By Stephanie Kelly and Jarrett Renshaw
NEW YORK (Reuters) – The Biden administration is expected this week to recognize a soon-to-be updated methodology favored by the ethanol industry in its guidance on how companies can gain access to credits for sustainable aviation fuel (SAF) production, three sources familiar with the matter told Reuters.
For months the administration has been divided over whether to recognize the Department of Energy’s Greenhouse Gases, Regulated Emissions and Energy Use in Technologies (GREET) model, which as it stands would enable ethanol-based SAF to qualify for tax credits under the Inflation Reduction Act, President Joe Biden’s signature climate law.
The news is a win for the ethanol industry, which has countered environmental groups seeking standards that elevate feedstocks like used cooking oil and animal fat.
The administration, however, is also expected to announce that it will update the GREET methodology by March 1, the sources said.

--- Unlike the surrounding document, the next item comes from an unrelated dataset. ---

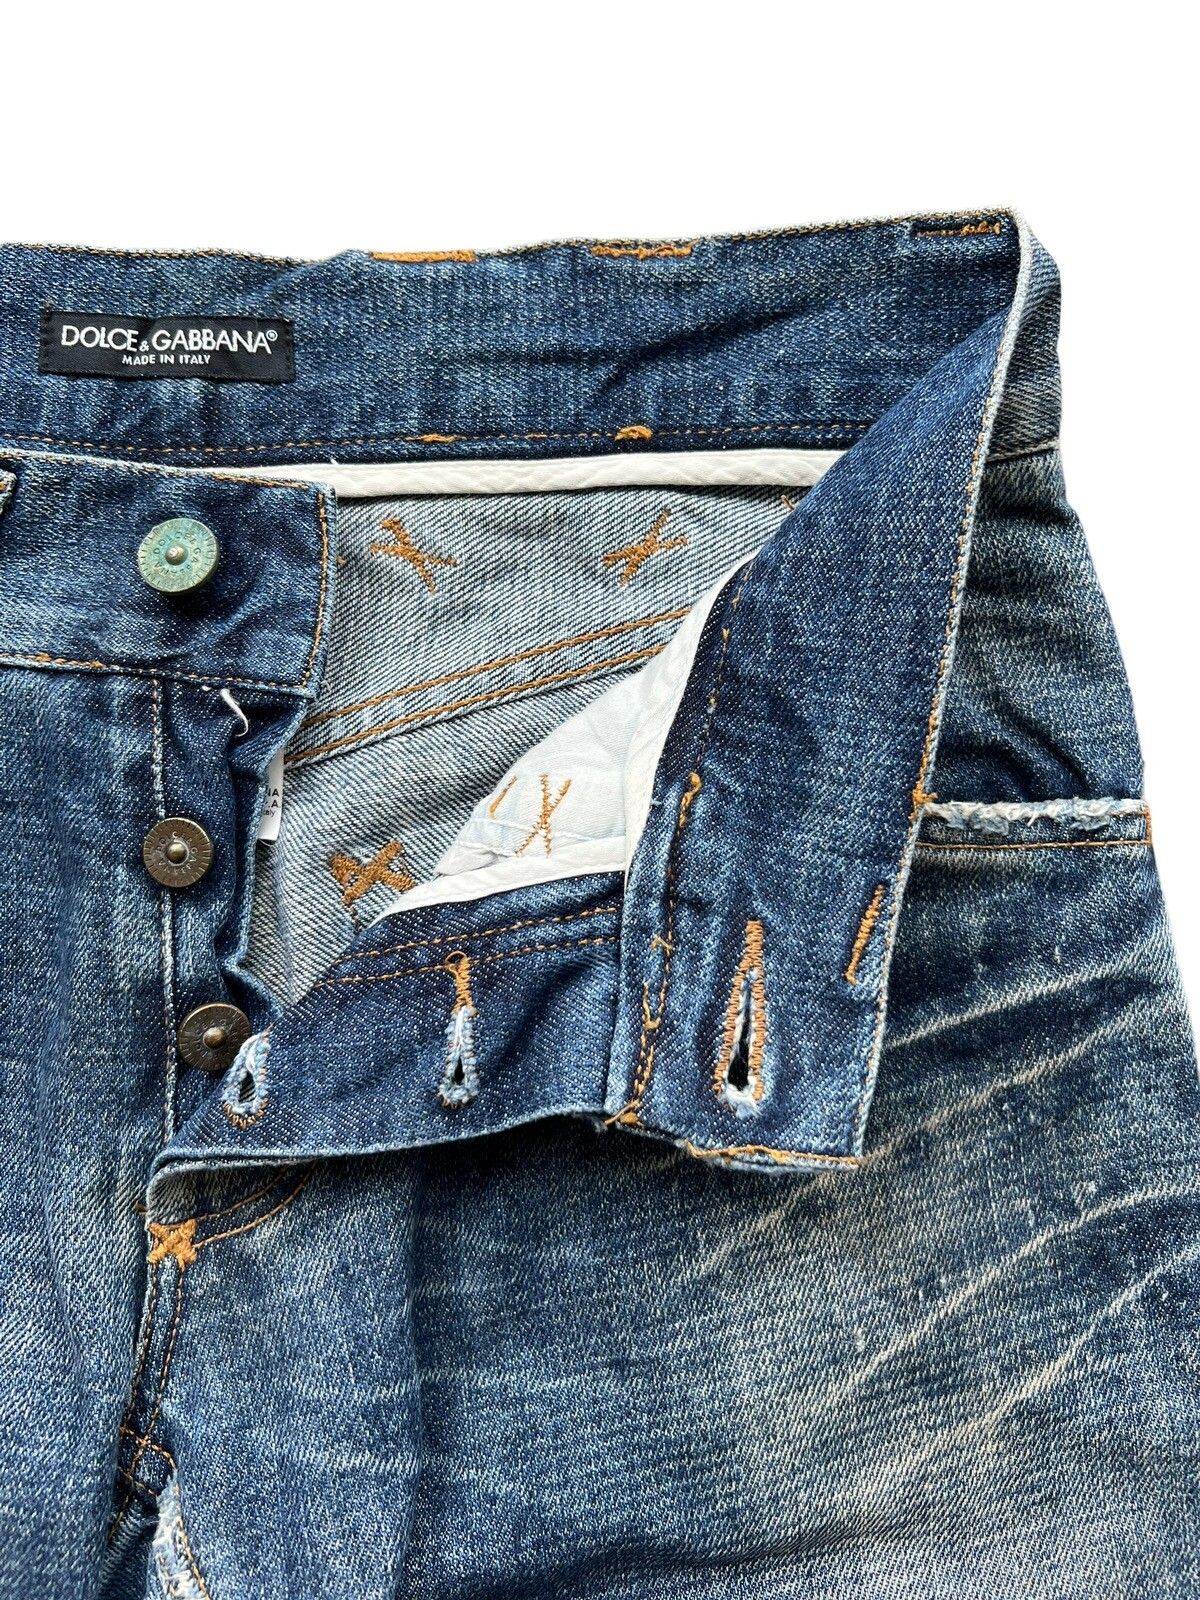 Dolce and Gabbana Crash Distressed Denim Jeans 31x32.5 - 12

That leaves some uncertainty for corn-based ethanol producers, as the administration is expected to ultimately tighten requirements around SAF feedstocks.
Over the coming months, a fierce lobbying push is expected.
The Treasury Department declined to comment for this story.
White House adviser John Podesta said on Thursday the SAF guidance would be released very soon.
“We think in order to take advantage of the credit that emissions have to be 50% below what oil-based aviation fuel looks like,” Podesta told reporters on Thursday.